Pakmaya yeast penetrates local market

30th March 2021
Pakmaya Africa Sales Manager: Cem Perdar

Manufactured in Turkey, Pakmaya Instant Dry Yeast can be used in the production of various fermented products, as it is suited for both traditional and industrial baking processes. All kinds of breads, buns and fermented pastry products are typical examples of applications.

Pakmaya Africa Sales Manager Cem Perdar says Pakmaya has 4 plants in across the world, further indicating that all of the plants have the highest standards of quality certificates and approvals. Regarding raw material, molasses is the main ingredient for yeast. Concerning production activities, yeast manufacturing requires high know-how and capability. Pakmaya has all those capabilities and aspects more than 45 years.

According to Perdar, Pakmaya has been existent in African markets since 30 years. From South to North, Central to East and West, a consumer can find Pakmaya in nearly every part of Africa continent.

“With its high quality, rich product selection and good service, our brand has become the favorite yeast of many Africans. On the other hand, our distributors in African countries are working very hardly and loyally in order to promote our products in their markets. After some time, we are becoming like families with our exclusive distributors in Africa and this enables both parts to work harder and keeps our product sustainable in market,” he said in an interview this week.

The yeast manufacturing giant made its way to Botswana market. The company has been smoothly working with Kamoso Distribution, a local distribution company. Perdar told BusinessPost that two entities have been working hard to earn is market locally.

“At the moment we have a good market share with them in Botswana market.

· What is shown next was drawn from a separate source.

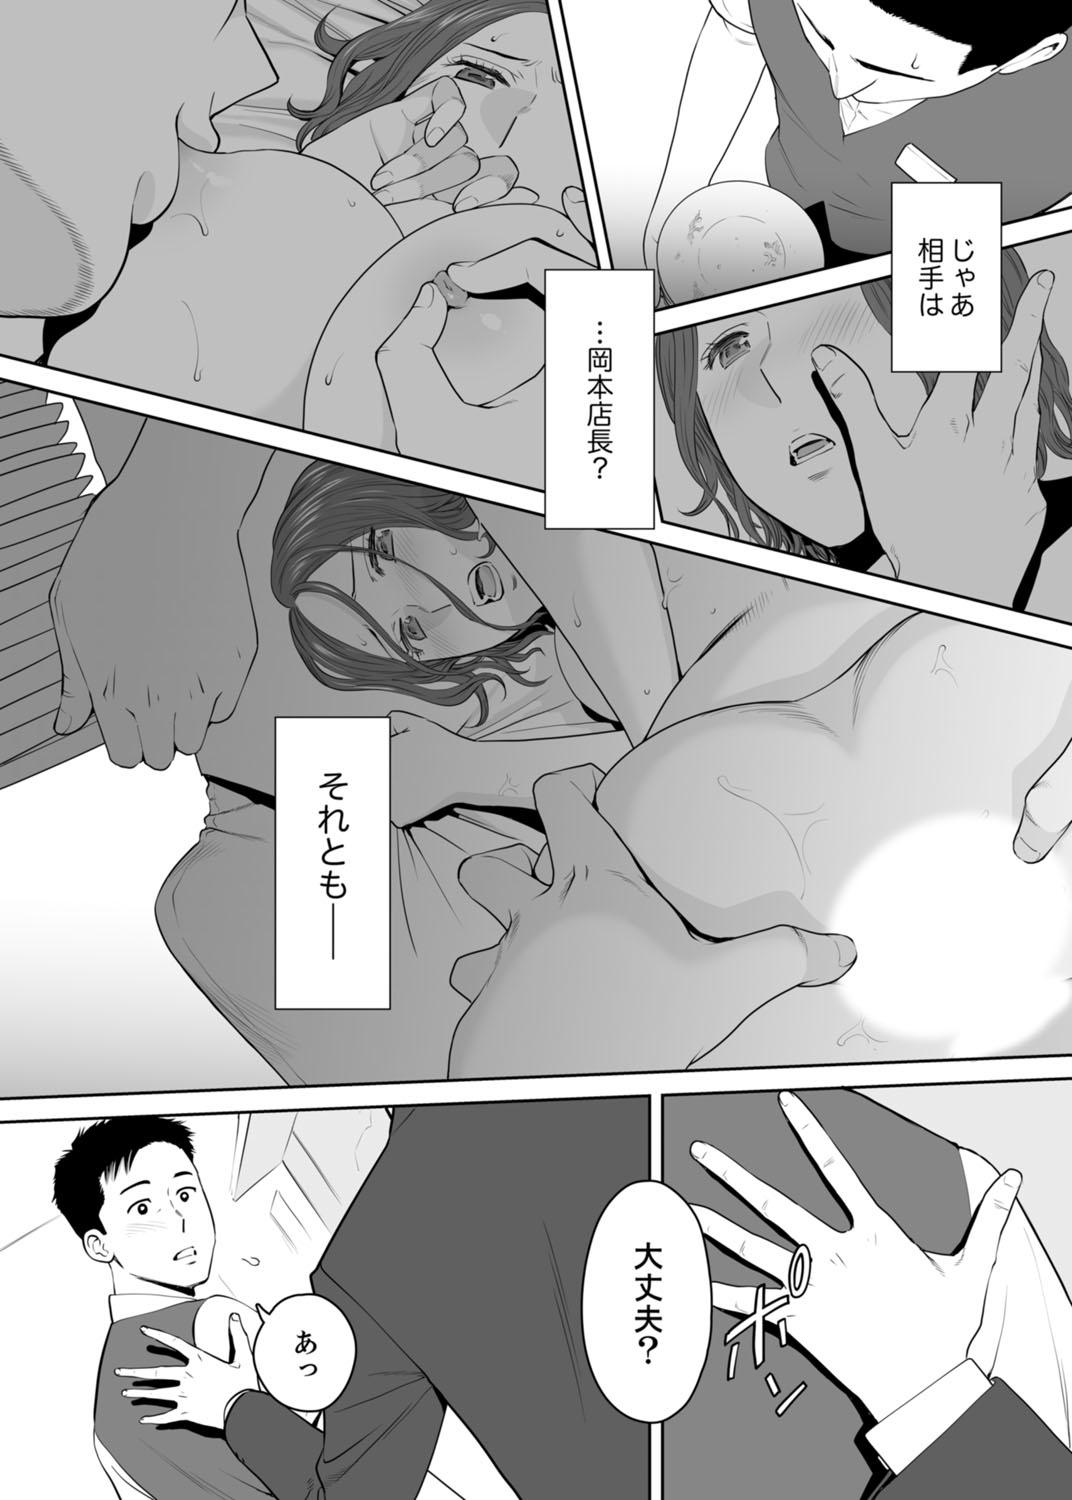 Puto "Otto no Buka ni Ikasarechau..." Aragaezu Kanjite Shimau Furinzuma 11 Plumper - Page 5

I’m sure during 2021 long, we will be increasing our sales and market position. Soon we are going to start a marketing campaign in Botswana, so that means Batswana will see and recognize Pakmaya more and more. Pakmaya wants to be the best friend of bakers in bakeries and ladies at homes in Botswana.”

As per global COVID-19 regulations to curb the spread of the COVID-19, Botswana just like other country closed borders. Providentially, the restrictions did not affect the company destructively.

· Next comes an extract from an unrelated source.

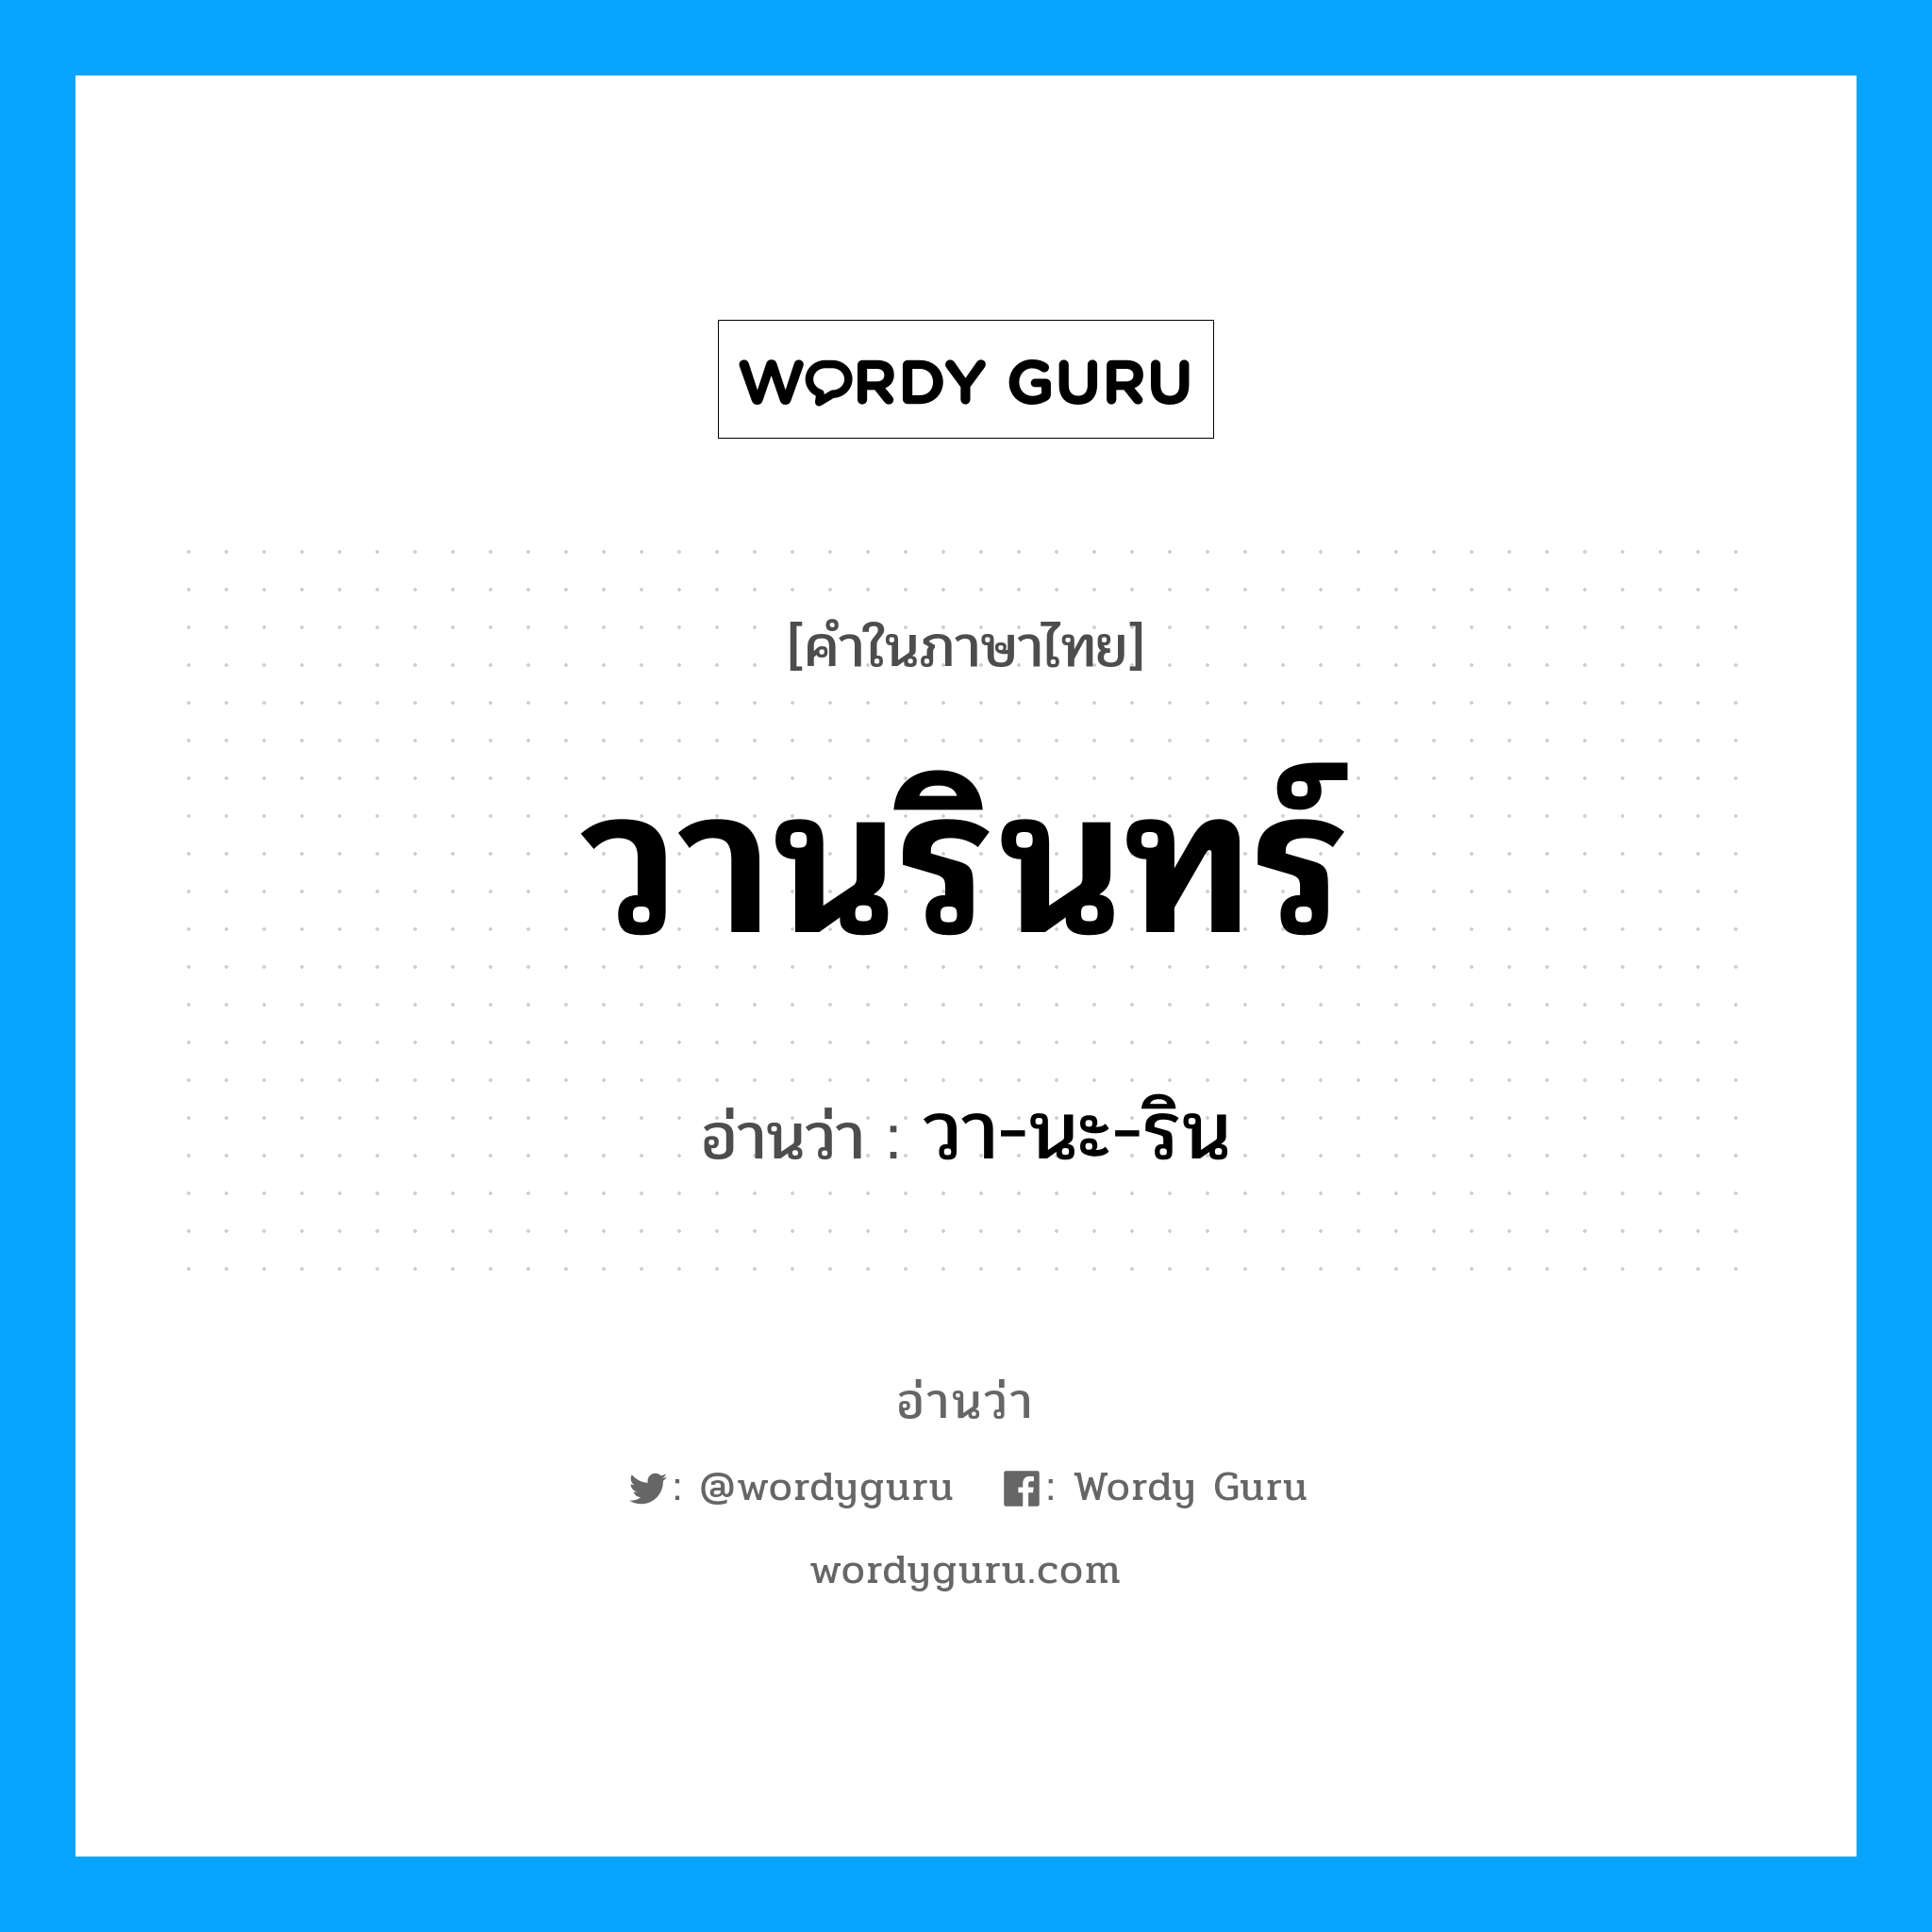 วา-นะ-ริน เป็นคำอ่านของคำไหน?, คำในภาษาไทย วา-นะ-ริน อ่านว่า วานรินทร์

Perdar says “Kamoso Africa is a very important and strong partner in Botswana territory. With Kamoso’s hard work and strict measurements, we have done a very good job. So as Pakmaya, we have not suffered any distribution problem. Our partner is doing the needful at the reaching our products to end users.”

He further said “We are doing well in Botswana market and hoping to make much more. Our aim is to enter every single corner in Botswana territory. With our new marketing campaigns, we are planning to be the most preferred yeast in Botswana market.”